TASK OBJECTIVE -
Leave every picture out. Set down all the lines below exactly.

GIVEN DATA -
--- START ---

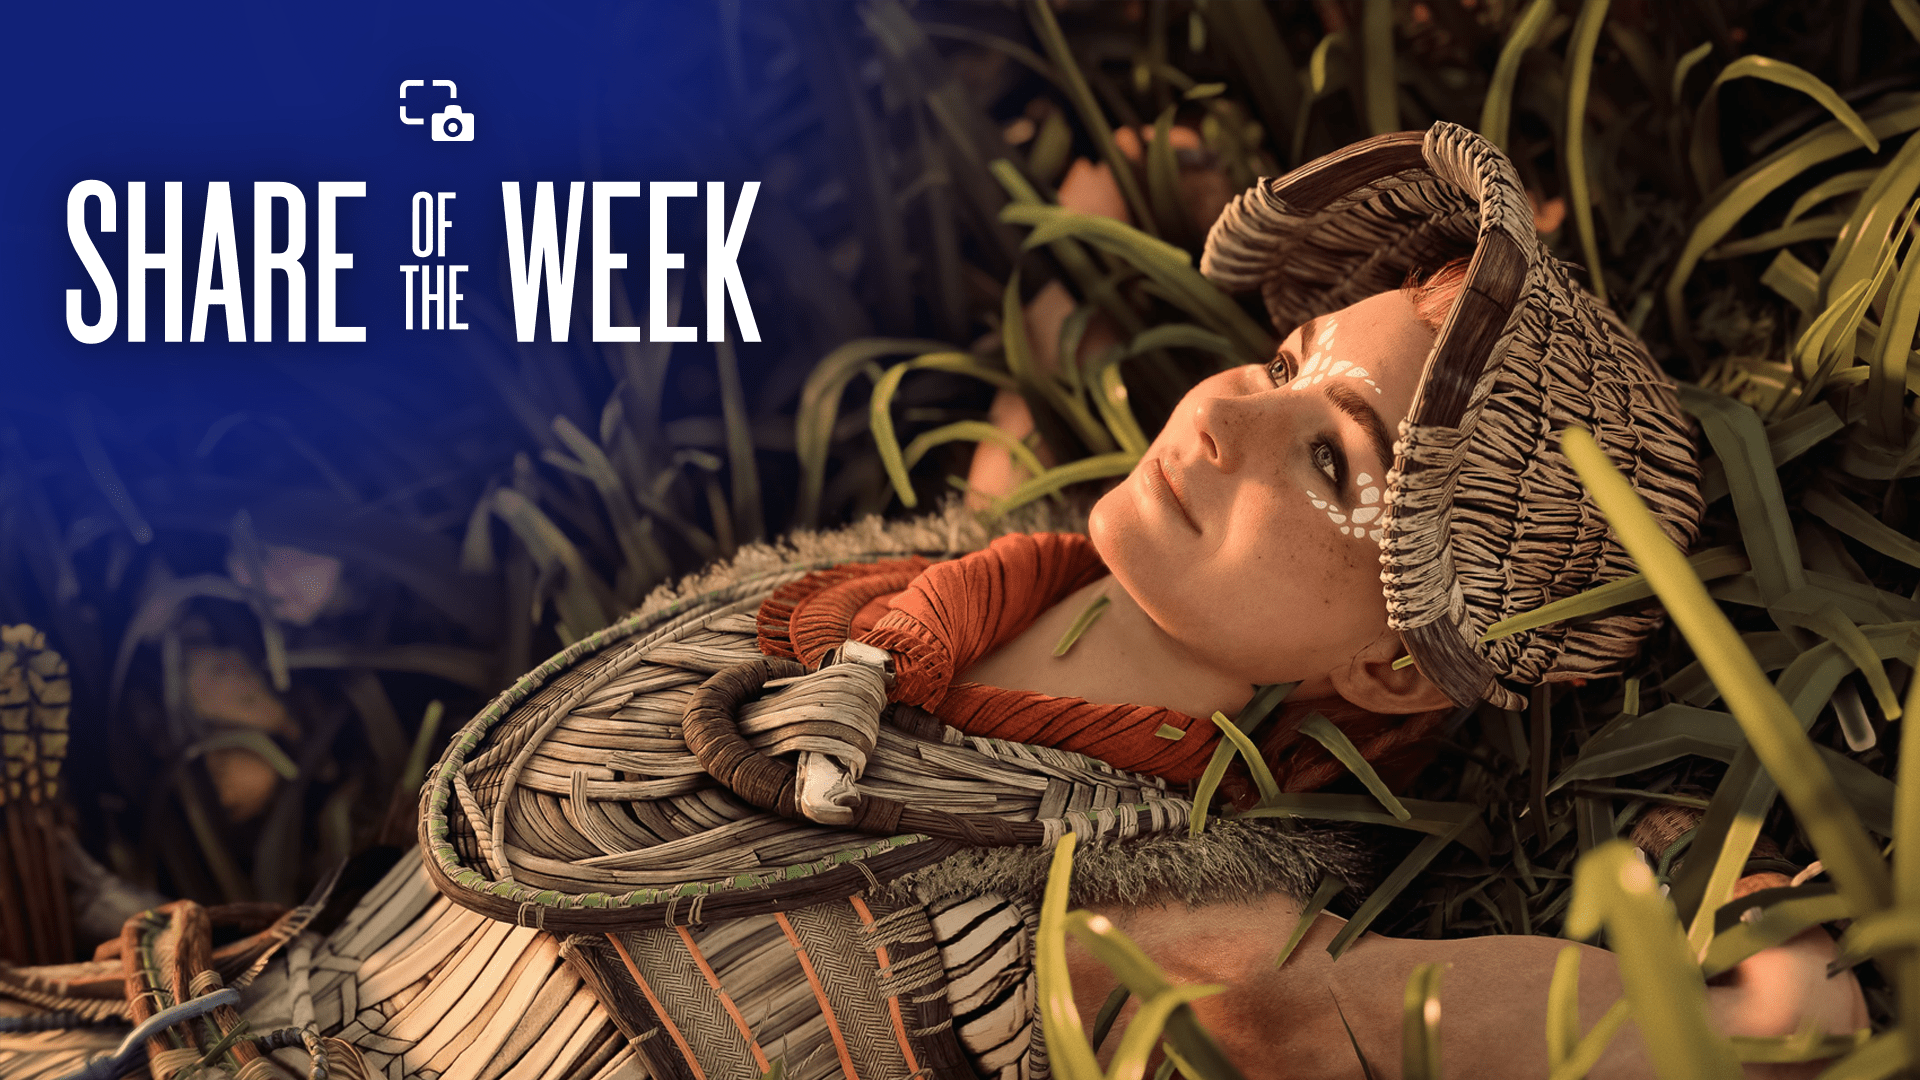 سهم هفته: استراحت – PlayStation.Blog
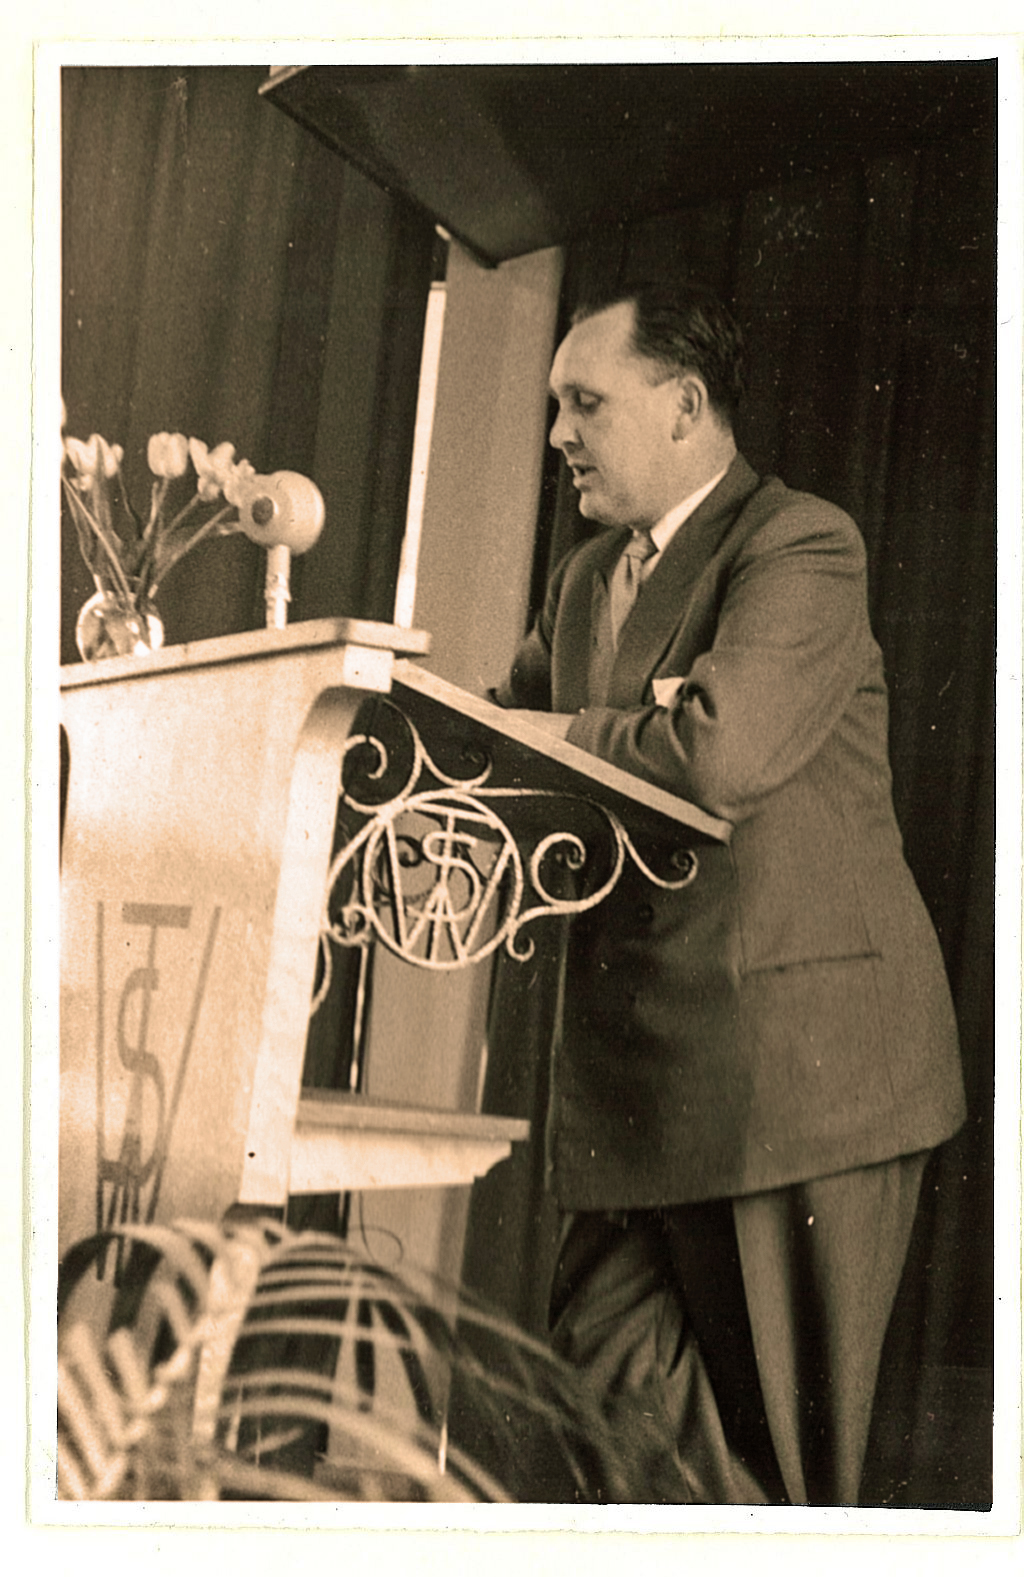 25 jarig jubileum van Jo Eigenhuijsen bij de Smit Elektrodenfabriek (1955)
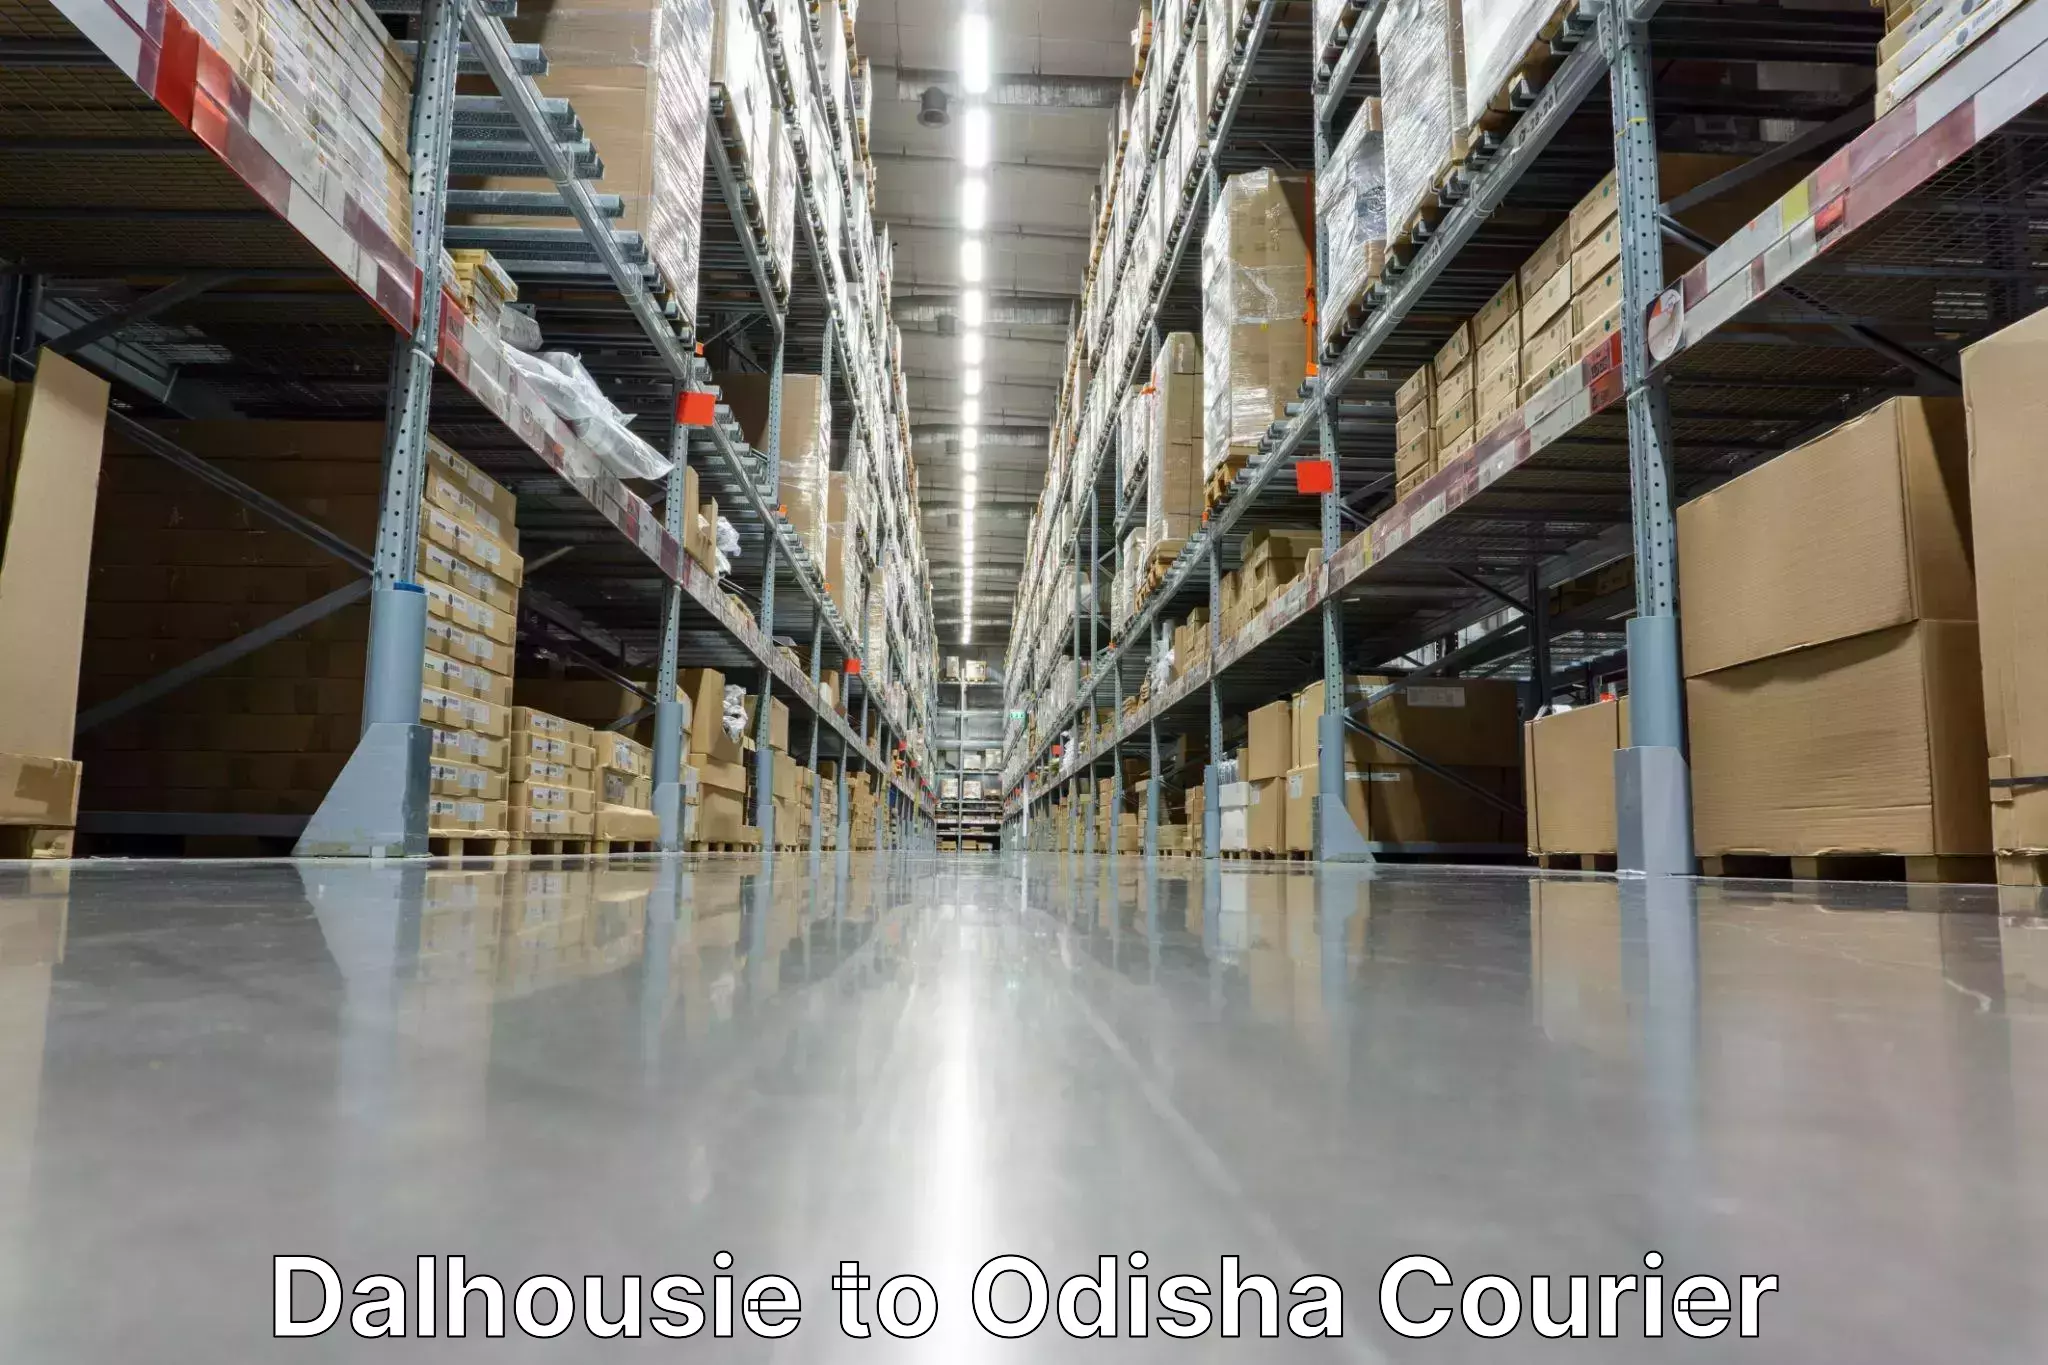 Next-day delivery options Dalhousie to Balikuda

--- END ---

RESPONSE TO THE TASK -
 سهم هفته: استراحت – PlayStation.Blog
 25 jarig jubileum van Jo Eigenhuijsen bij de Smit Elektrodenfabriek (1955)
 Next-day delivery options Dalhousie to Balikuda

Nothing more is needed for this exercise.